Question écrite de
Mme Hilde VAUTMANS
-
Commission européenne
Subject: Academic freedom of Chinese students
In recent years, the number of Chinese students and researchers at academic institutions in Europe has been increasing1. NGOs such as Human Rights Watch state that China is threatening academic freedom in Europe, inter alia by monitoring, pressurising and intimidating Chinese and European academics, imposing selfcensorship, refusing to issue visas to researchers, etc2. These problems are disproportionately common in the case of academics working on human rights, ethnicity and the Chinese Communist Party.
1. Is the Commission aware of this issue, and does it regard it as a serious problem that needs to be addressed?
2. Human Rights Watch has published a code of conduct for universities in relation to this problem. Does the Commission’s agenda include campaigns to promote academic freedom, possibly complemented by a European code of conduct?3
3. Chinese academics have direct access to our institutions, but on the other hand Europeans have only limited access to Chinese institutions. What measures is the Commission considering to ensure greater reciprocity?
1 http://www.eias.org/wp-content/uploads/2016/03/Jia-EU-Asia-at-a-glance-Final.pdf
2 https://www.hrw.org/news/2019/03/21/china-government-threats-academic-freedom-abroad
3 https://www.hrw.org/sites/default/files/supporting_resources/190321_china_academic_freedom_coc.pdf
Answer given by Vice-President Borrell on behalf of the European Commission (17 February 2020)
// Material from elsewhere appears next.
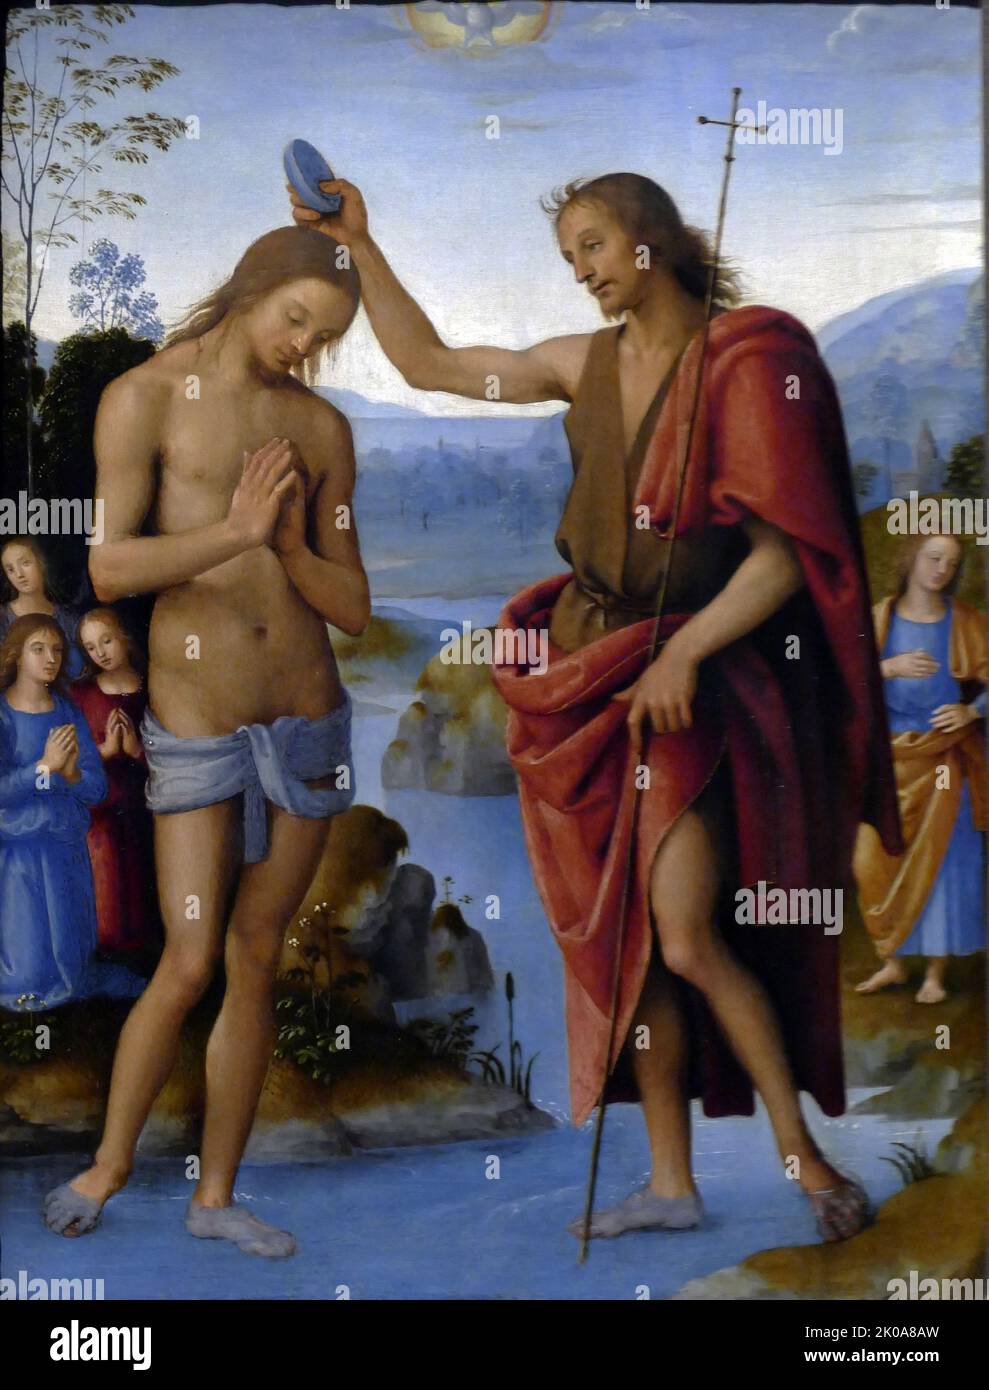 Baptism of Christ; 1498/1500 painting by Pietro Perugino (located in Vienna, Austria). Pietro Perugino (1446/1452 - 1523), was an Italian Renaissance painter of the Umbrian school, who developed some of the qualities that found classic expression in the High Renaissance. Stock Photo

1. The European Union is aware of instances of restrictions on academic freedom. Discussions between EU institutions and Member States are ongoing. The Commission is in the process of organising the 5th High-Level People-to-People Dialogue (HPPD), expected to take place in Brussels in the first half of 2020. The HPPD is a good forum to raise these issues at highest level.
2. Education remains primarily a Member State competence. The Commission can share experience of EU cooperation with China as well as outline the main challenges, with the aim to develop a consistent approach towards cooperation with China. However, concrete actions will have to be implemented by Member States.
The Commission is among the 48 members of the intergovernmental Bologna Process, and participates actively in its Task Force on fundamental academic values. This Task Force is currently working on a common European definition on academic freedom, as part of the preparation for the next Bologna Ministerial Conference in Rome in June 2020.
3. The imbalance in mobility flows concerns in particular long-term secondments of postdoc researchers under the Marie Skłodowska-Curie Actions of the Horizon 2020 programme. This imbalance is linked to several factors, including immigration procedures, integration dynamics in the local research community, access to Chinese funding and access to data.